■ Input material
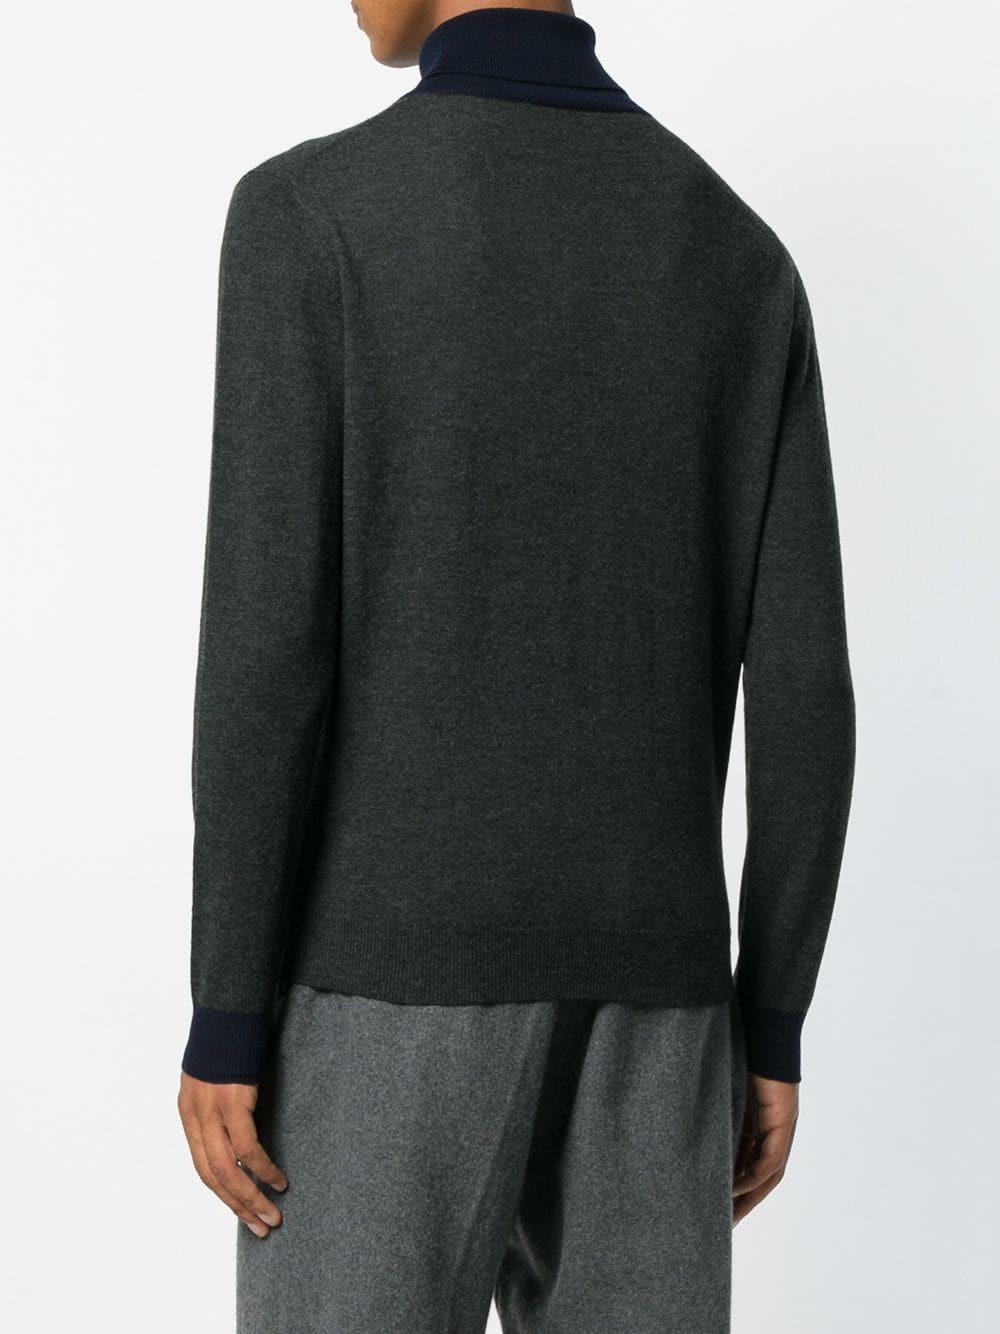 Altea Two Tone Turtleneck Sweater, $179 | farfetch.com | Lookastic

==

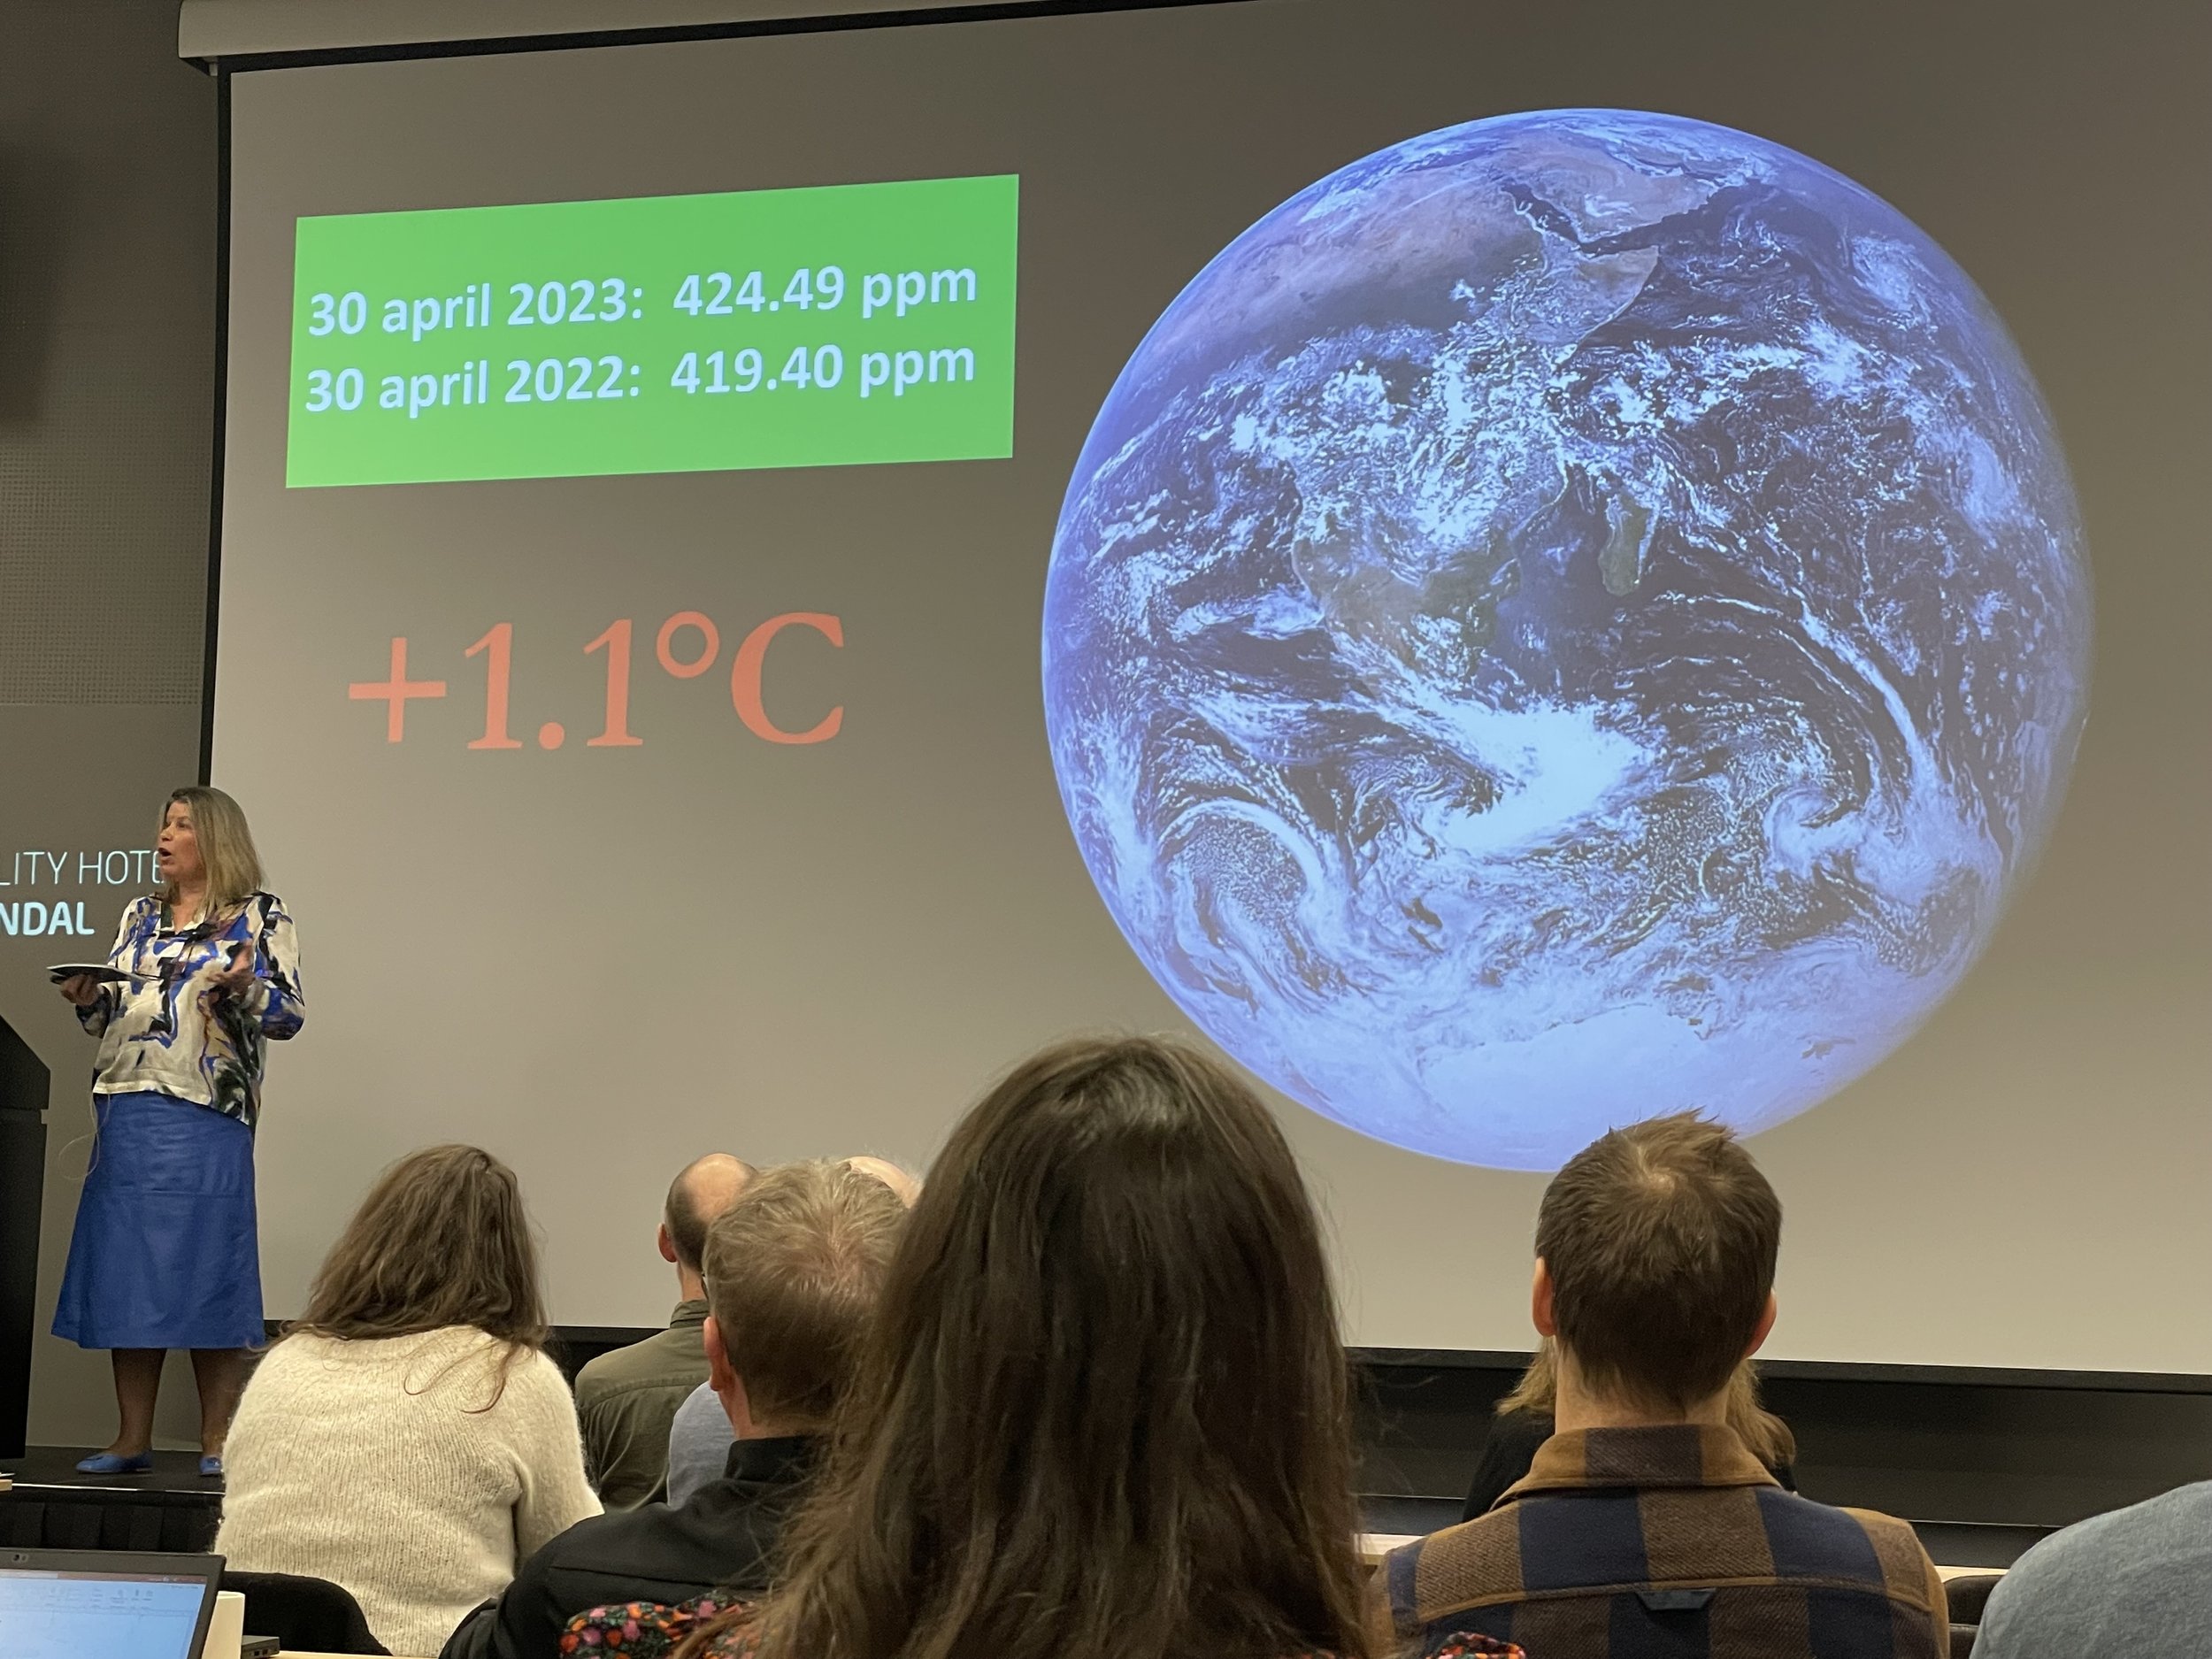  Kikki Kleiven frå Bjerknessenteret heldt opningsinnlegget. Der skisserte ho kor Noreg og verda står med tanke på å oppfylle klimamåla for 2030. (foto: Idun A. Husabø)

---

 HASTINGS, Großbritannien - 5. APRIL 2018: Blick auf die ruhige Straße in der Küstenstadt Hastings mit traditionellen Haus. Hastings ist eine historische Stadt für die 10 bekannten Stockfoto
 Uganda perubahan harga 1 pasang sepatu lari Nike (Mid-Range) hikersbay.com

■ Task requirements
Above are some records; copy exactly the lines from the one with "HASTINGS, Großbritannien - 5." through the one with "Uganda perubahan harga", both included, and no others.

■ Solution for this task
 HASTINGS, Großbritannien - 5. APRIL 2018: Blick auf die ruhige Straße in der Küstenstadt Hastings mit traditionellen Haus. Hastings ist eine historische Stadt für die 10 bekannten Stockfoto
 Uganda perubahan harga 1 pasang sepatu lari Nike (Mid-Range) hikersbay.com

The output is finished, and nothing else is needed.